In the following sequence of figures. Which is the total number of right trapezoids which do make up $\textrm{figure 10}$?

The figure is below:

Sketch of the problem

The alternatives given are:

  • 66
  • 60
  • 56
  • 64
  • 72

What I tried to do is to account for the number of trapezoids:

$\textrm{In figure 1:}$

  • There is just $1$

$\textrm{In figure 2:}$

This is some tricky:

I thought that there are $4$

  • $2$ make up a small individual unit

  • $1$ accounts for the other two

  • $1$ accounts for the all of them

$\textrm{In figure 3:}$

  • $3$ are consisting of only one figure.

  • $2$ are two figures.

  • $1$ has three figures.

  • $1$ accounts for the three trapezoids in horizontal arrangement and the first oblique bar next to them.

  • $1$ accounts for the previous set plus the second oblique bar next to them.

Therefore in the figure are $8$

$\textrm{In figure 4:}$

  • $4$ are sets of 1 figure.

  • $3$ are sets of 2 figures.

  • $2$ are sets of 3 figures.

  • $1$ is a set of 4 figures.

  • $1$ is a set of the previous 4 figures in horizontal direction plus the first oblique bar appearing next to the trapezoids.

  • $1$ is the previous set and the second oblique bar.

  • $1$ is the previous set and the third oblique bar.

This accounts for $13$ figures.

So in total the series is comprised of.

$\textrm{1, 4, 8, 13,...}$

From this series I found that the recursion formula is stated as:

$$T_{n}=\frac{1}{2}n^{2}+\frac{3}{2}n-1$$

By replacing with the fourth term it seems to check.

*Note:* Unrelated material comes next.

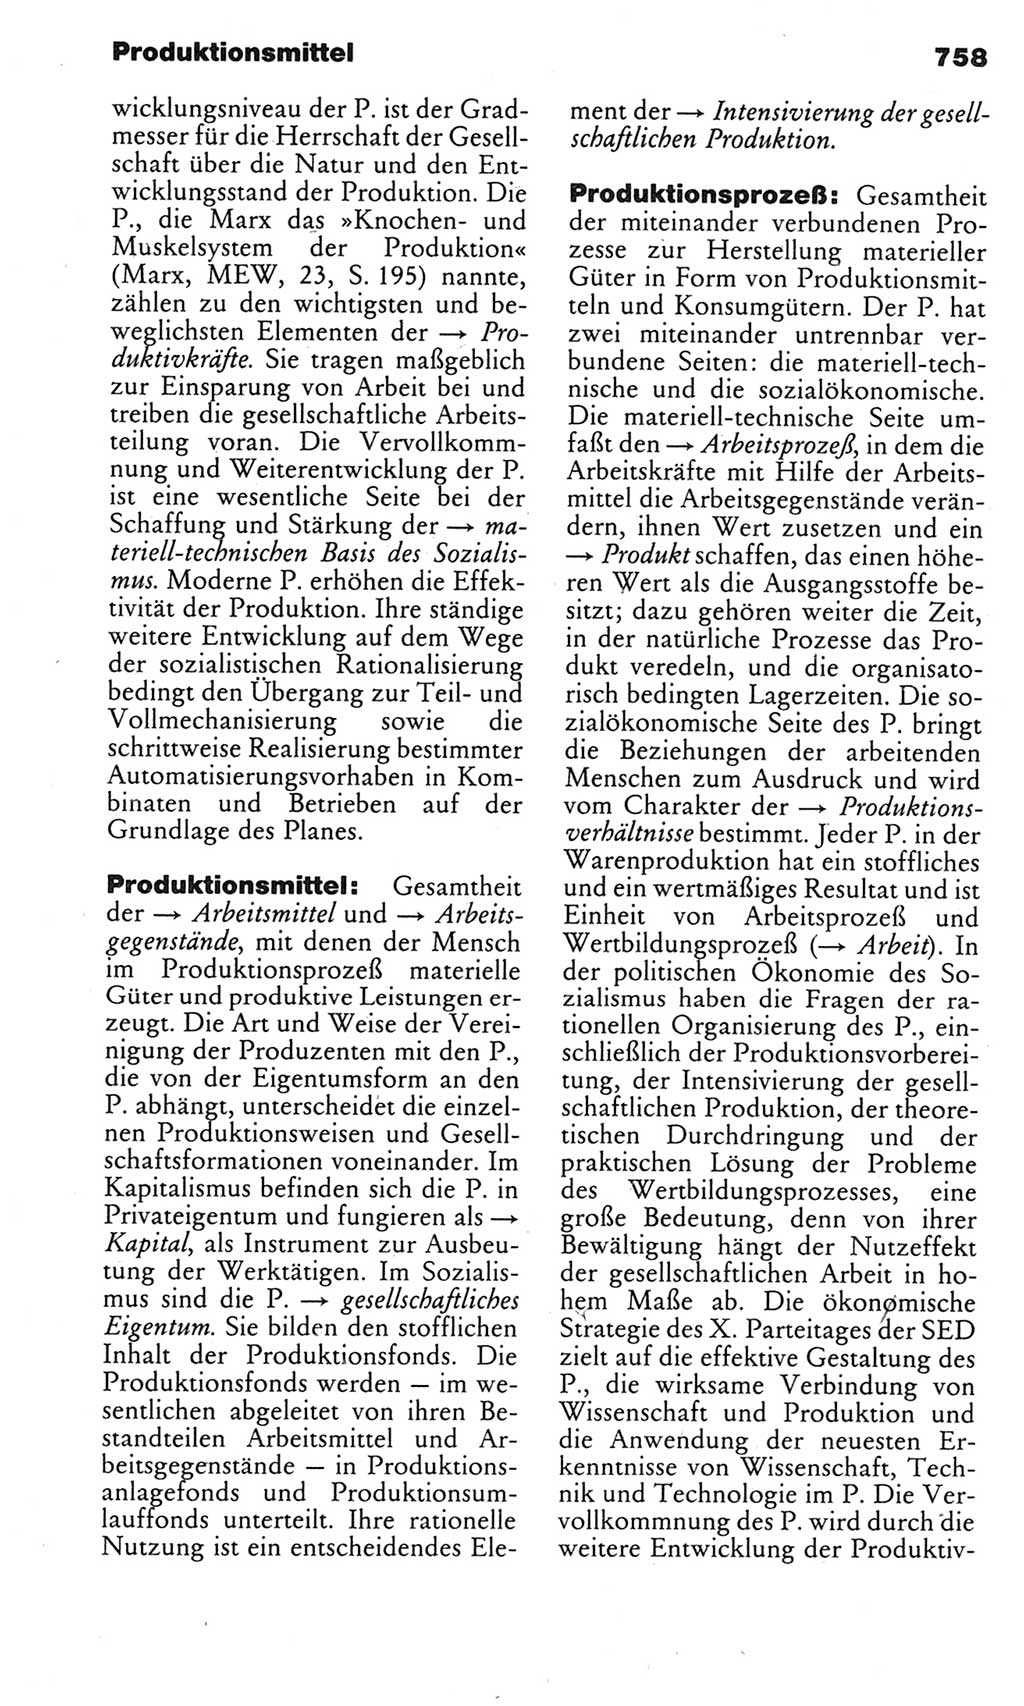 Kleines politisches Wörterbuch [Deutsche Demokratische Republik (DDR)] 1983, Seite 758 (Kl. pol. Wb. DDR 1983, S. 758)

$$T_{4}=\frac{1}{2}\left( 4 \right )^{2}+\frac{3}{2}\left( 4 \right )-1=8+6-1= 13$$

So if what it is being asked is figure number $10$ then by replacing in the previous equation:

$$T_{10}=\frac{1}{2}\left( 10 \right )^{2}+\frac{3}{2}\left( 10 \right )-1=50+15-1= 64$$

Therefore I would choose $64$ as the number of figures in the $\textrm{10th figure}$. I'm not very certain if is it correct?

The answer appears within the alternatives but the process to find the figures was very tedious and it took me a long time to find it, needless to say that to find the recursive formula was another problem as well but eased due the fact which I had some idea of how to find it, as a result.

Is there any other method to speed up the calculations or to find an answer in this situation or to avoid miscounting or double counting the figures?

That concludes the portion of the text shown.